--- START ---

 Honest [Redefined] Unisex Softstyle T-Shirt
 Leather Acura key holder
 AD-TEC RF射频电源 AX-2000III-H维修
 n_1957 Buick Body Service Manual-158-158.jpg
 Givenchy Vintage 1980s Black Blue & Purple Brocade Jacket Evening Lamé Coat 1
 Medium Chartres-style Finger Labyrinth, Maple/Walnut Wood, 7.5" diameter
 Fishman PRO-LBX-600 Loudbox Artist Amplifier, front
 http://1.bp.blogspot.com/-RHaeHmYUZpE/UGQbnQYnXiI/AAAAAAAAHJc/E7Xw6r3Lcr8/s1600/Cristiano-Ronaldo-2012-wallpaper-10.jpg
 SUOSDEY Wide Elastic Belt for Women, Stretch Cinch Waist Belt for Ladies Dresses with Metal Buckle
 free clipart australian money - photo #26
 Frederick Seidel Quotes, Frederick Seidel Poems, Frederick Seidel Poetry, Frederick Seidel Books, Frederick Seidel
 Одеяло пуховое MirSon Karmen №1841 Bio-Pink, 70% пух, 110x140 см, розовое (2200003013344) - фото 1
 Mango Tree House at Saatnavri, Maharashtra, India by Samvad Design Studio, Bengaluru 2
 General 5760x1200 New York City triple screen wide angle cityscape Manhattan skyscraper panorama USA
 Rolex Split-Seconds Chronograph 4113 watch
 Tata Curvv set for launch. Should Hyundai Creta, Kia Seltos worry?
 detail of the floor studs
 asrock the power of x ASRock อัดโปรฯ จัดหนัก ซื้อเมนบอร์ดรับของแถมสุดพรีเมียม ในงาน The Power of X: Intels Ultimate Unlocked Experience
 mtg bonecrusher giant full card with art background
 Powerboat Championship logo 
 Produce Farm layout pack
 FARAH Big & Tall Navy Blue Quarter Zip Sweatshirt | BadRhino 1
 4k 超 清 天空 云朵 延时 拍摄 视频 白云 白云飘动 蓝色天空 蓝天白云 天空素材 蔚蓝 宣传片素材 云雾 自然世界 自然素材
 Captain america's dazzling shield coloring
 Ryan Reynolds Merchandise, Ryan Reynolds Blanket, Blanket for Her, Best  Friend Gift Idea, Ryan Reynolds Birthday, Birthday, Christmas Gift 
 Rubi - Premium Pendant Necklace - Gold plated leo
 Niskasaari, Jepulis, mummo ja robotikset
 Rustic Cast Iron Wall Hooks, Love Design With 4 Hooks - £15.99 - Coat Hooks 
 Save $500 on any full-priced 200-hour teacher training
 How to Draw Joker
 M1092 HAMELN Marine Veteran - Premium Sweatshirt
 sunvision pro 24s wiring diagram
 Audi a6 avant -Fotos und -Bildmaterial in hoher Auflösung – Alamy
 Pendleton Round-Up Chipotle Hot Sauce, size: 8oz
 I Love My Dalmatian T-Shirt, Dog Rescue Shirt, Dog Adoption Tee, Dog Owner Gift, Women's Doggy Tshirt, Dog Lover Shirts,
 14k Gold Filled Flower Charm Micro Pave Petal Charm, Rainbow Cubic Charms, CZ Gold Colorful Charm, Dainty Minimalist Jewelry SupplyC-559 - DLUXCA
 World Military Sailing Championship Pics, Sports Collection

--- END ---

EXERCISE GOAL | Take the stretch of lines above from the one containing "detail of the floor studs" through the one containing "Niskasaari, Jepulis, mummo ja robotikset" and repeat it exactly, adding no other line.

FINISHED TASK |
 detail of the floor studs
 asrock the power of x ASRock อัดโปรฯ จัดหนัก ซื้อเมนบอร์ดรับของแถมสุดพรีเมียม ในงาน The Power of X: Intels Ultimate Unlocked Experience
 mtg bonecrusher giant full card with art background
 Powerboat Championship logo 
 Produce Farm layout pack
 FARAH Big & Tall Navy Blue Quarter Zip Sweatshirt | BadRhino 1
 4k 超 清 天空 云朵 延时 拍摄 视频 白云 白云飘动 蓝色天空 蓝天白云 天空素材 蔚蓝 宣传片素材 云雾 自然世界 自然素材
 Captain america's dazzling shield coloring
 Ryan Reynolds Merchandise, Ryan Reynolds Blanket, Blanket for Her, Best  Friend Gift Idea, Ryan Reynolds Birthday, Birthday, Christmas Gift 
 Rubi - Premium Pendant Necklace - Gold plated leo
 Niskasaari, Jepulis, mummo ja robotikset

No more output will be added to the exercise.